Nissan is one of several Japanese automakers that want to get self-driving vehicles on the road by the beginning of the next decade, motivated by the country’s aging population, which needs more transportation options, and the 2020 Summer Olympics in Tokyo. Prime Minister Shinzo Abe has said he wants self-driving vehicles to help with transportation during the games and also serve as a showcase for Japan’s manufacturing and technological prowess. The government is currently in the process of drawing up laws meant to make the process of testing and commercializing autonomous vehicle systems more efficient.

Nissan and DeNA say they plan to launch full service of Easy Ride in the early 2020s, after a limited rollout. The fields tests will be used to “develop service designs for driverless environments, expanded service routes, vehicle distribution logic, pick-up/drop-off processes and multilingual support,” the companies said in a release.

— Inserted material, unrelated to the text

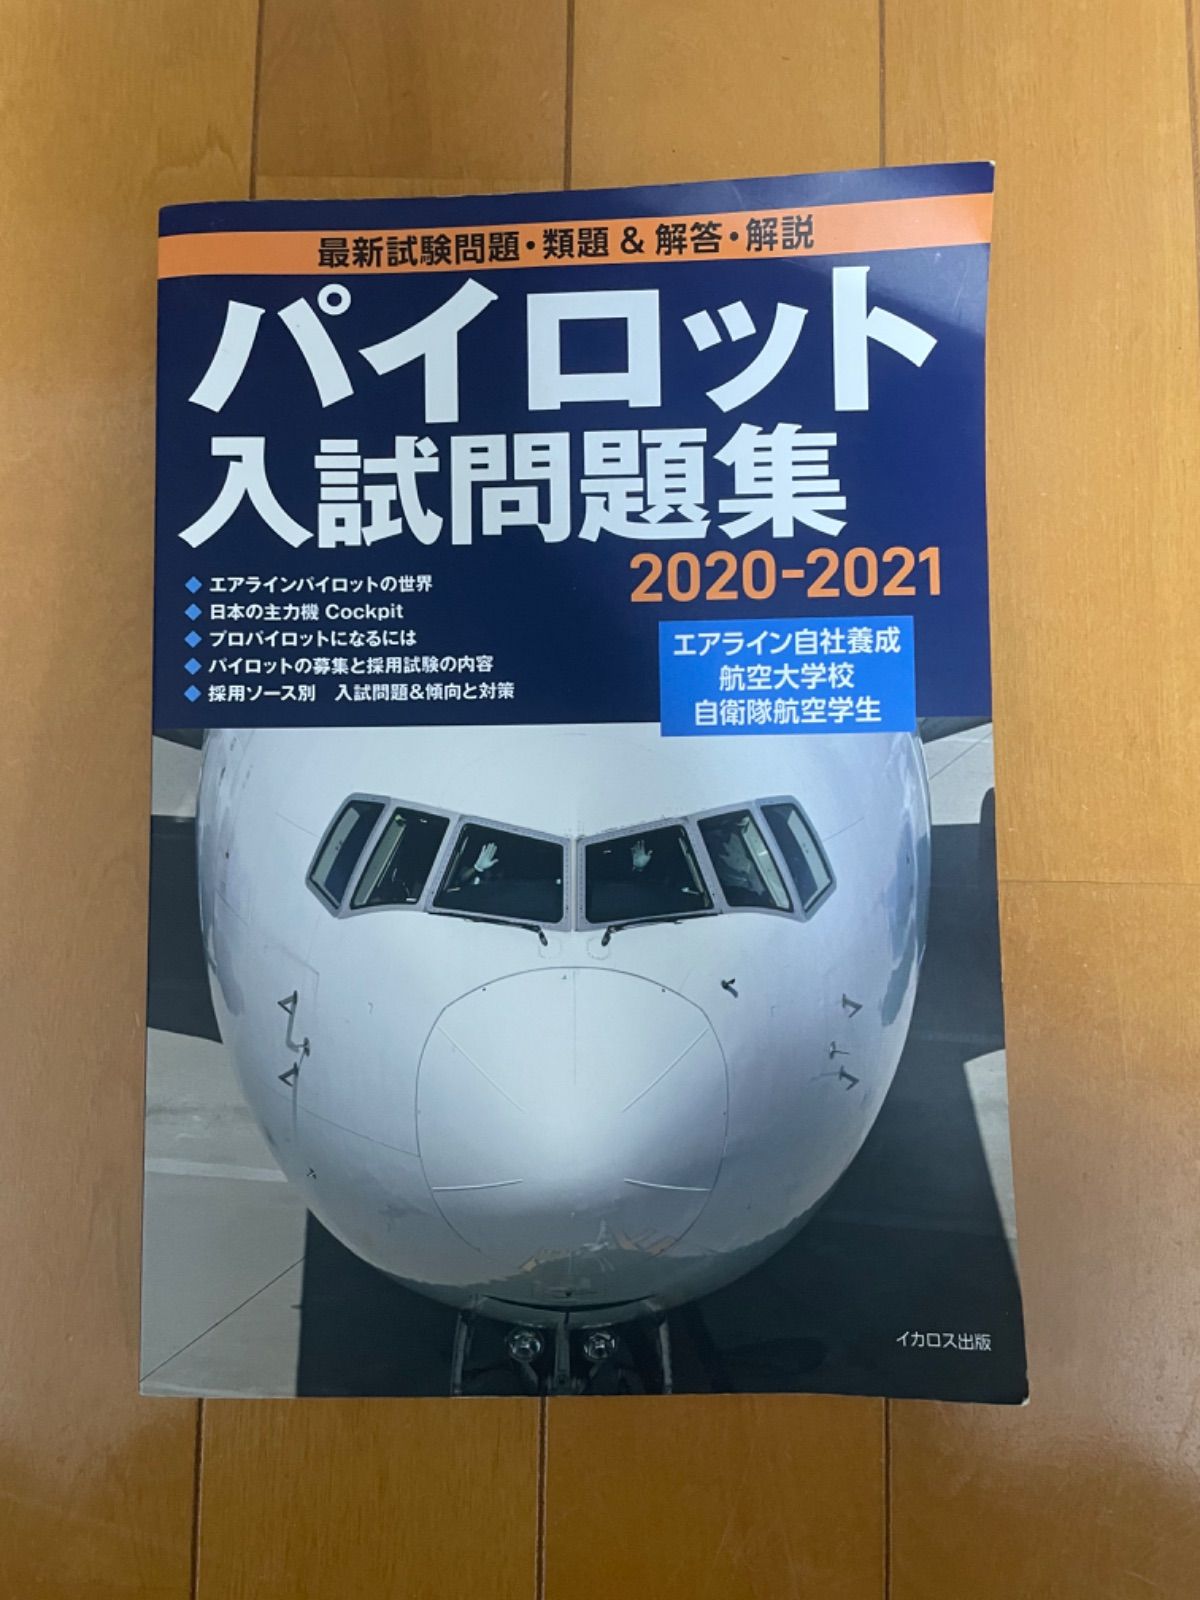 パイロット入試問題集 2020-2021 2018-2019

The taxi industry in major Japanese cities like Tokyo is heavily regulated and cab drivers are required to have special licenses, so companies there must focus on other services instead of ride-sharing. For example, earlier this week Sony announced that it will launch an AI-based taxi-calling app, while Uber chief executive officer Dara Khosrowshahi said the company wants to form partnerships with a taxi companies to put new life into its Japanese expansion strategy.